Multiphonic modeling using Impulse Pattern Formulation (IPF)

TL;DR

This paper introduces the Impulse Pattern Formulation (IPF), a novel top-down modeling approach for wind instrument multiphonics, capturing complex behaviors like bifurcations, noise, and the effects of fingerings through impulse reflections and damping.

Contribution

The paper presents the IPF as a new method for modeling and synthesizing multiphonic sounds in wind instruments, explaining complex dynamics via impulse reflections and damping.

Findings

IPF captures transitions between noise and regular tones.

Multiphonics modeled by reflection points with varying strengths.
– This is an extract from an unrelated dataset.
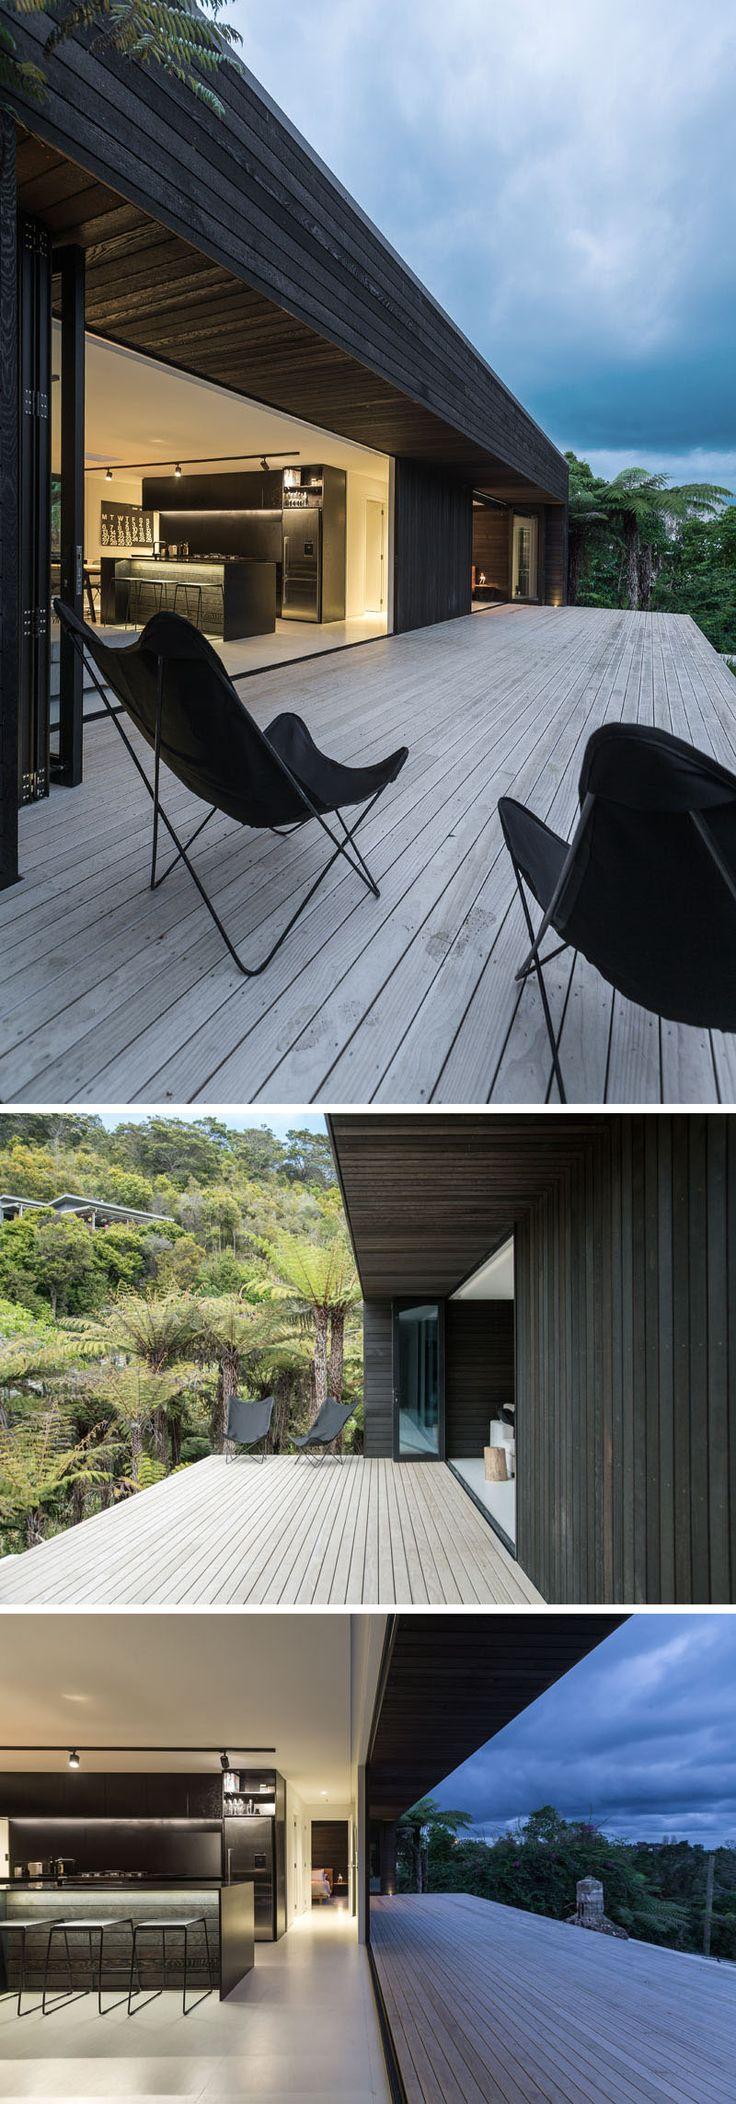 Lake thomas point transitional exterior - The Dark Wood Exterior Of This House Flows Through To The Interior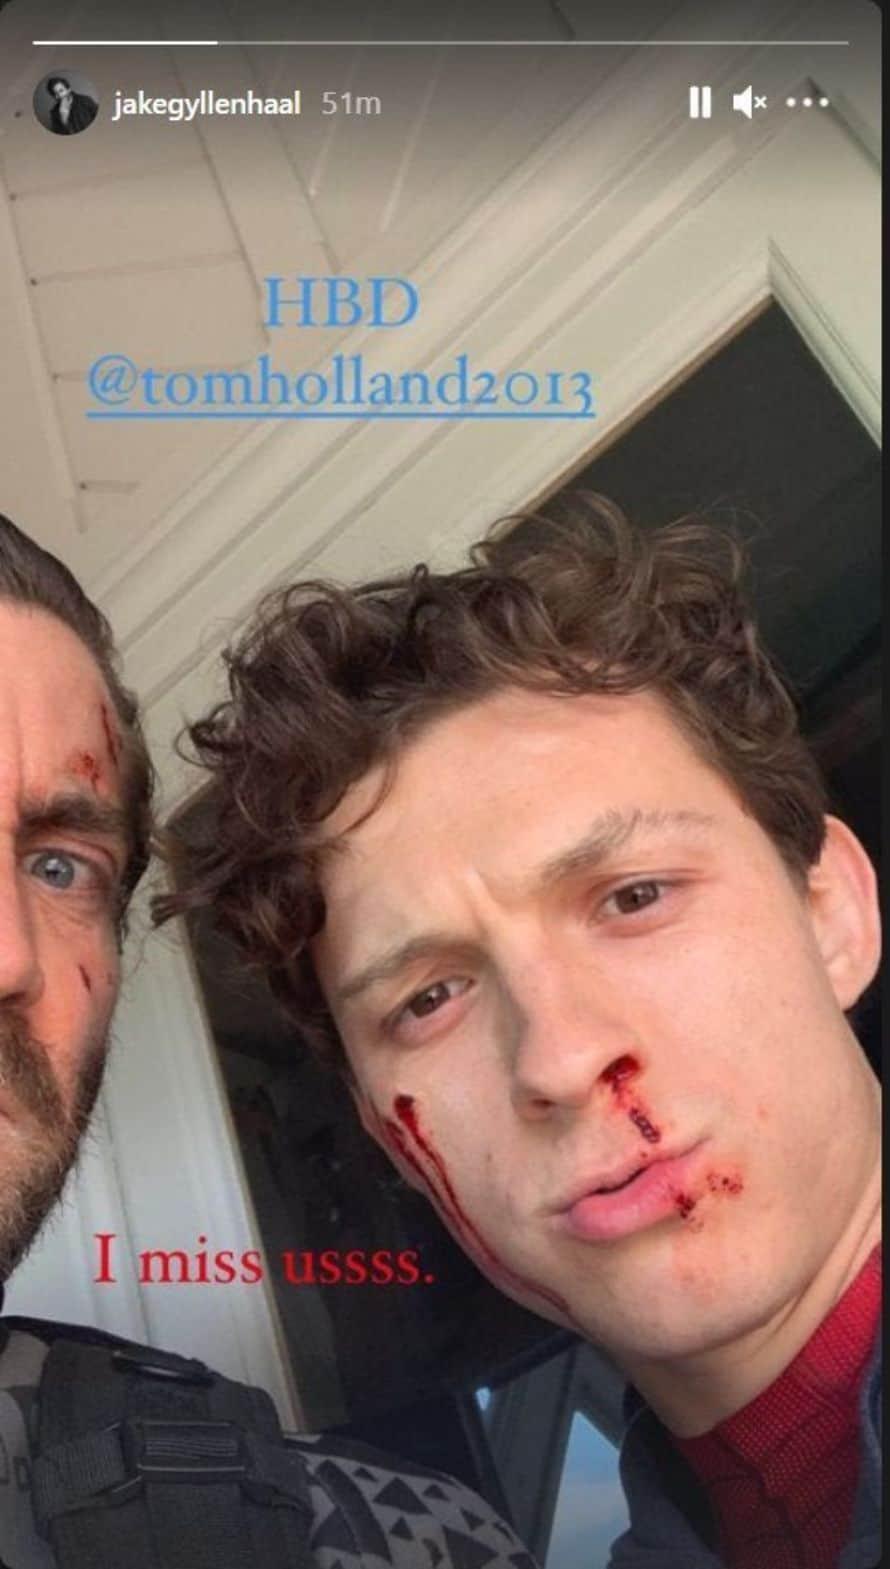 Jake Gyllenhaal Tom Holland Spider-Man

IPF can synthesize multiphonic sounds effectively.

Abstract

Multiphonics, the presence of multiple pitches within the sound, can be produced in several ways. In wind instruments, they can appear at low blowing pressure when complex fingerings are used. Such multiphonics can be modeled by the Impulse Pattern Formulation (IPF). This top-down method regards musical instruments as systems working with impulses originating from a generating entity, travel through the instrument, are reflected at various positions, and are exponentially damped. Eventually, impulses return to the generating entity and retrigger or interact with subsequent impulses. Due to this straightforward approach, the IPF can explain fundamental principles of complex dynamic systems. While modeling wind instruments played with blowing pressures at the threshold of tone onset, the IPF captures transitions between regular periodicity at nominal pitch, bifurcations, and noise. This corresponds to behavior found in wind instruments where multiphonics appear at the transition between noise and regular musical note regimes. Using the IPF, complex fingerings correspond to multiple reflection points at open finger holes with different reflection strengths. Multiphonics can be modeled if reflection points farther away show higher reflection strength and thus, disrupt periodic motion. The IPF can also synthesize multiphonic sounds by concatenating typical wind instrument waveforms at adjacent impulse time points.